This study shows that as many as 1.5% of infants born in the United States have SCT. SCT is benign for most carriers; however, studies have been published suggesting its association in some persons with various conditions, including renal medullary carcinoma, hematuria, renal papillary necrosis, hyposthenuria, splenic infarction, exercise-related deaths, thromboembolic disease, pregnancy-related complications, complicated hyphema, and acute chest syndrome (7). In addition, persons with SCT are at risk for having children with SCD if their partner also has SCT or one of several other abnormal hemoglobin genes, including Hb C and Hb ß-thalassemia.
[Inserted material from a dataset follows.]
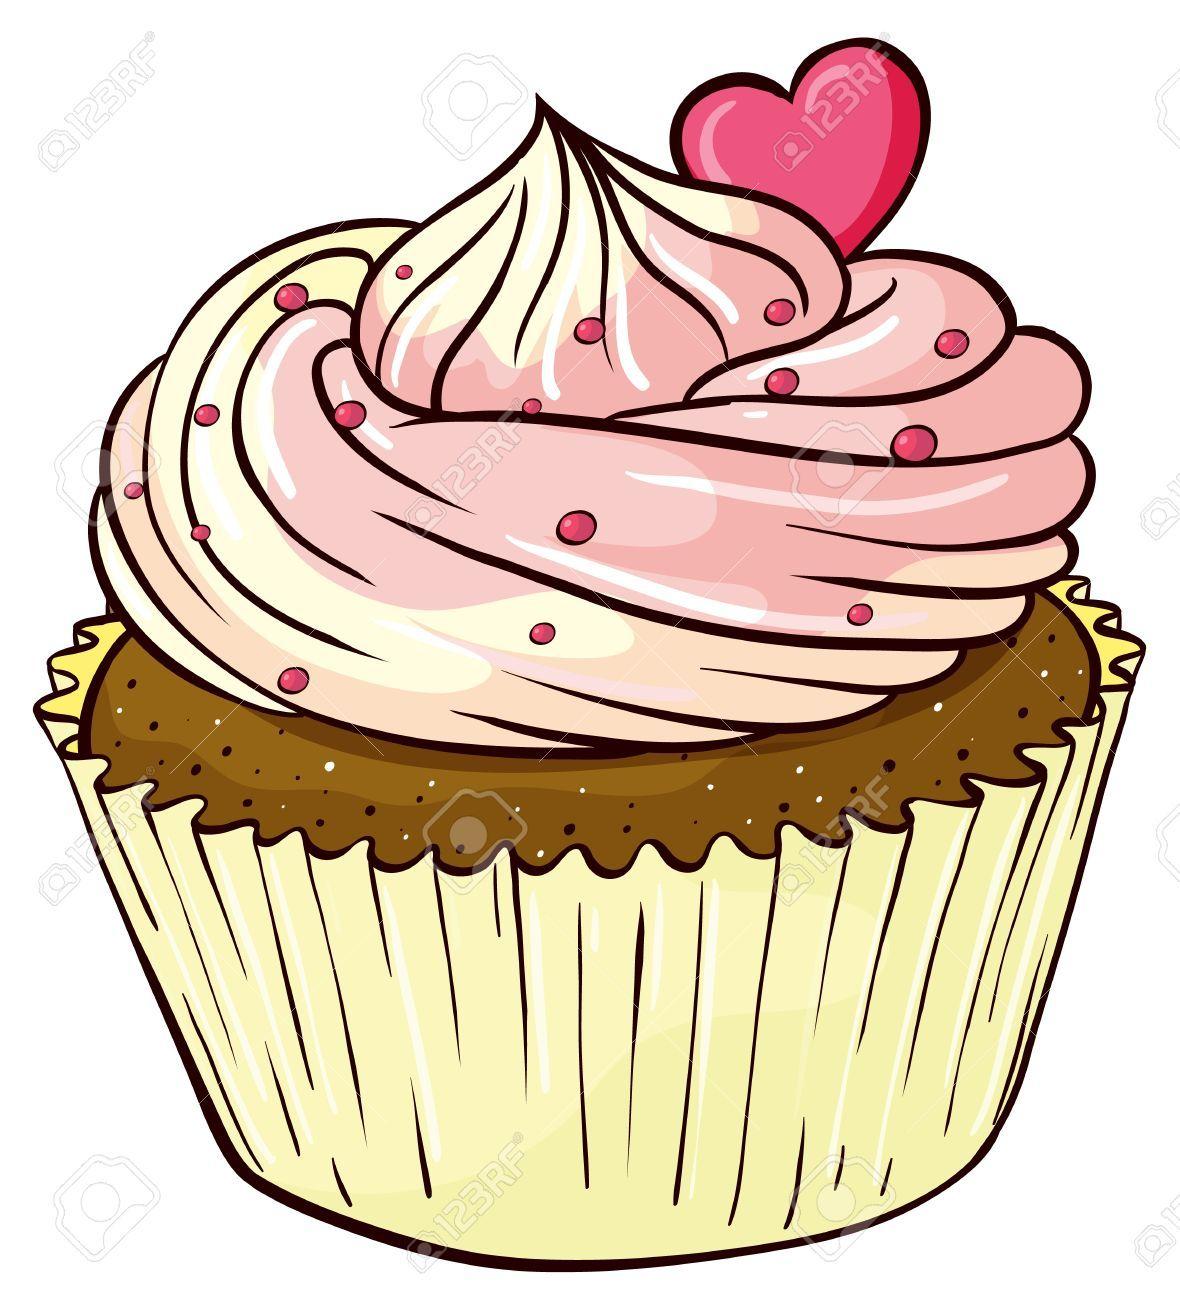 Cupcake Clipart Stock Photos Images, Royalty Free Cupcake.

Persons with SCD, in contrast to SCT, are at risk for several serious complications, including hemolytic anemia, bacterial infections, vaso-occlusive pain crisis, stroke, chronic organ damage, and pulmonary hypertension (8). Based on previous studies, there are no standardized methods or protocols for alerting families or health care providers to this information, educating them about the potential health outcomes that might be associated with the condition, or counseling them about the impact that this might have on the family's future reproductive choices. By including educational materials and providing genetic counseling at the same time that families are provided positive SCT results, the occurrence and public health burden of SCD might be reduced.
1Association of Public Health Laboratories; 2Division of Blood Disorders, National Center for Birth Defects and Developmental Disabilities, CDC (Corresponding author: Mary M. Hulihan, ibx5@cdc.gov, 404-498-6724)
References
- Kavanagh PL, Wang CJ, Therrell BL, Sprinz PG, Bauchner H. Communication of positive newborn screening results for sickle cell disease and sickle cell trait: variation across states. Am J Med Genet C Semin Med Genet 2008;148C:15–22.
- Christopher SA, Collins JL, Farrell MH. Effort required to contact primary care providers after newborn screening identifies sickle cell trait. J Natl Med Assoc 2012;104:528–34.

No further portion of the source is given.